When you reach the line with "58 Days left" in the data below, begin printing lines exactly, and stop once the line with "#GujaratStateYogBoard #YogmayGujarat #yogkaamrutkal" has been printed.

DATASET EXCERPTS -
────────────────────
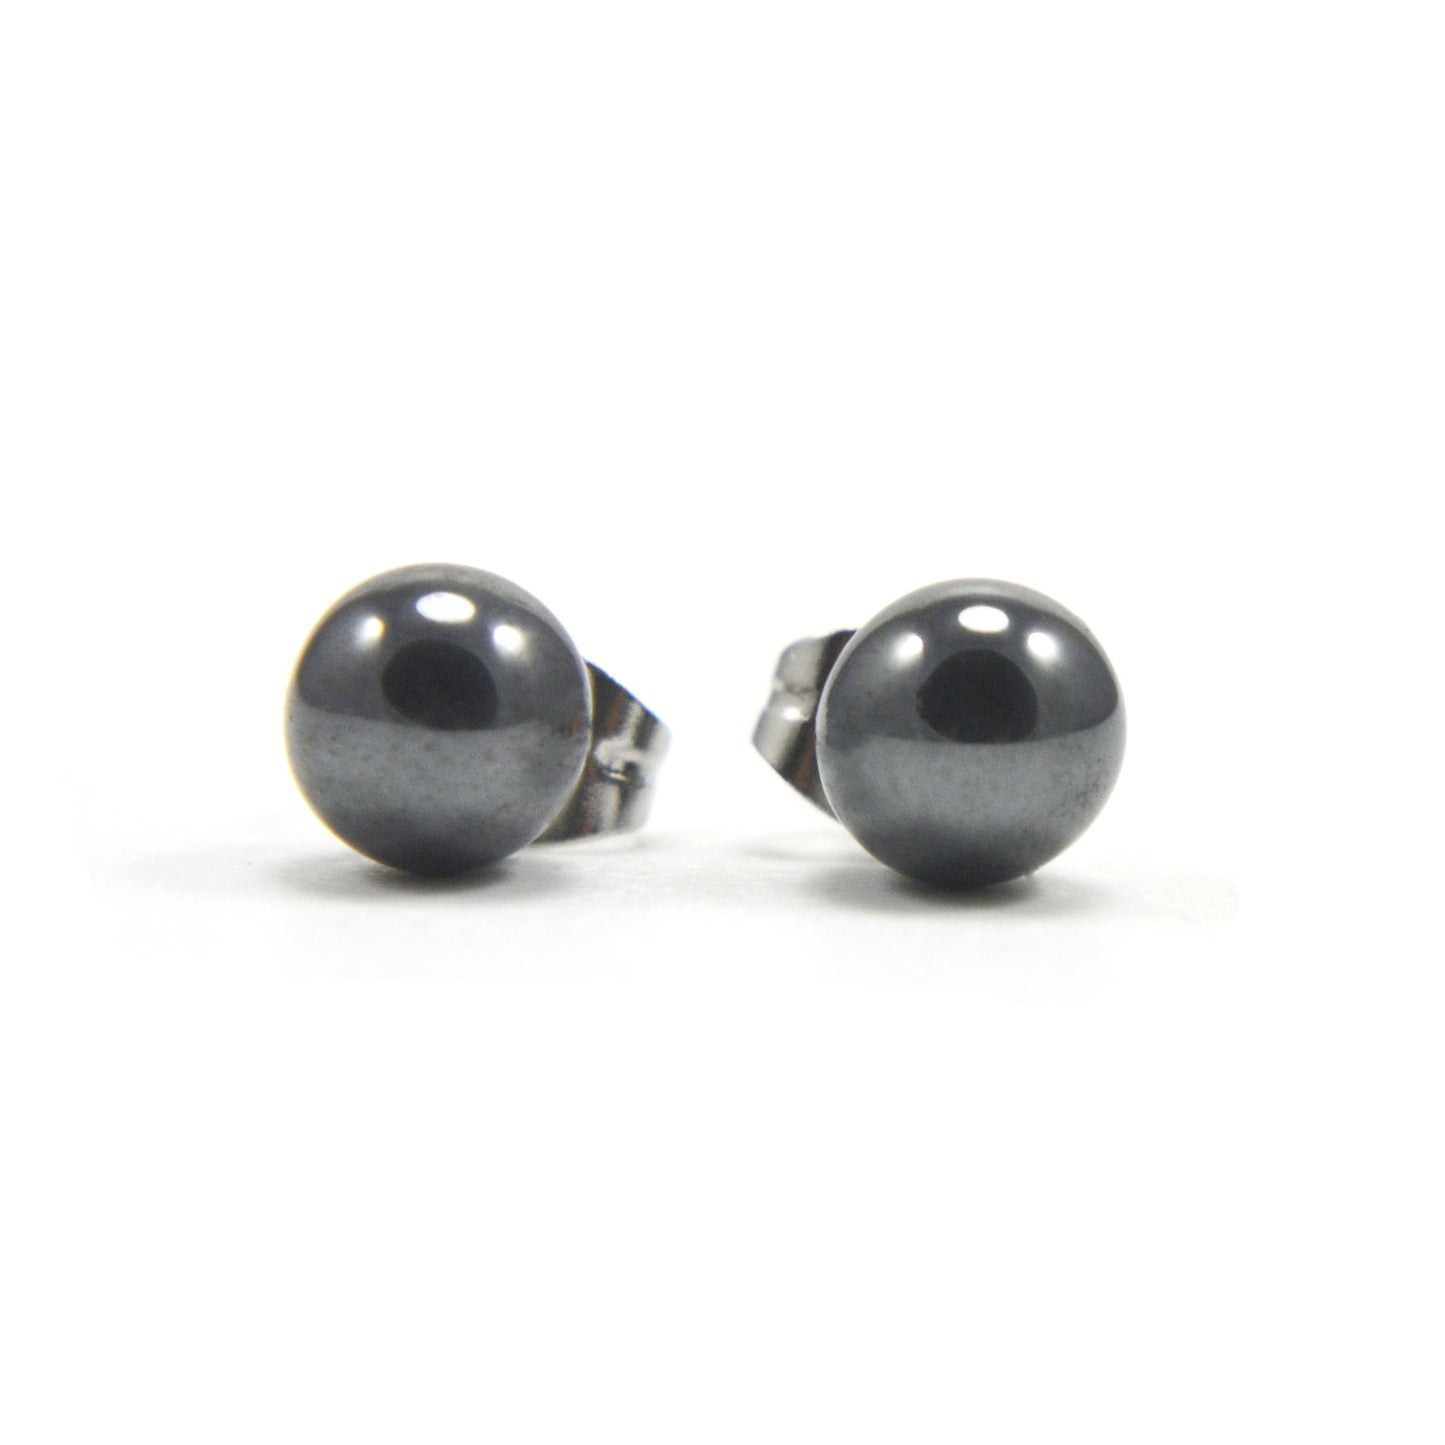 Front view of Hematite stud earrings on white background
────────────────────
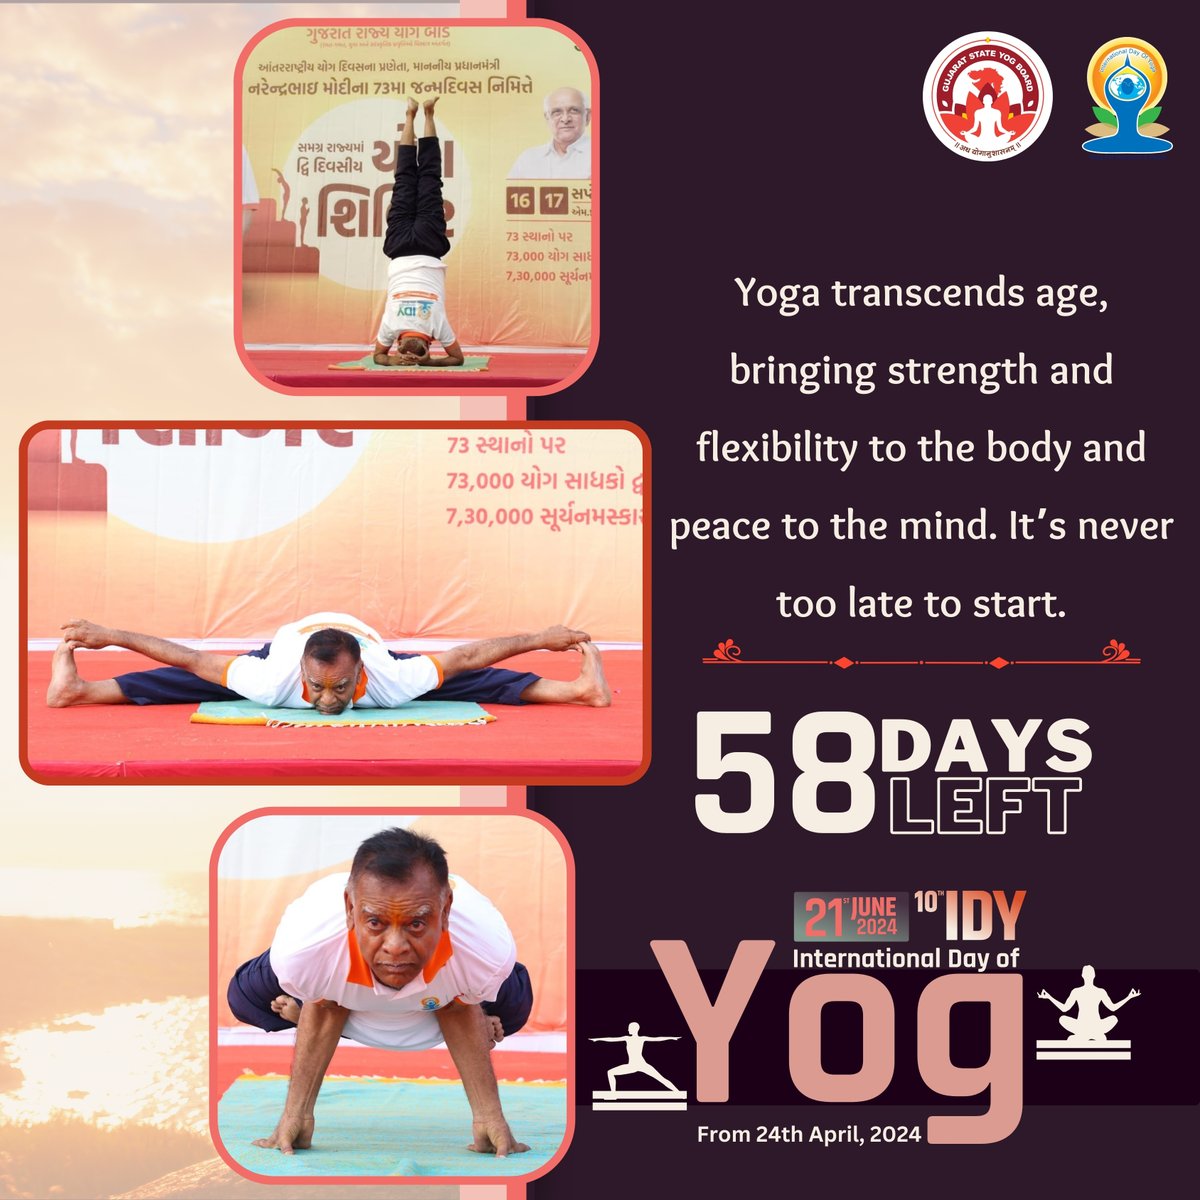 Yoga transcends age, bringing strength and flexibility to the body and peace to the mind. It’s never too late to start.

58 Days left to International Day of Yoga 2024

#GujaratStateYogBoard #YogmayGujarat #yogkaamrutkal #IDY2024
────────────────────
EXERCISE ANSWER -
58 Days left to International Day of Yoga 2024

#GujaratStateYogBoard #YogmayGujarat #yogkaamrutkal #IDY2024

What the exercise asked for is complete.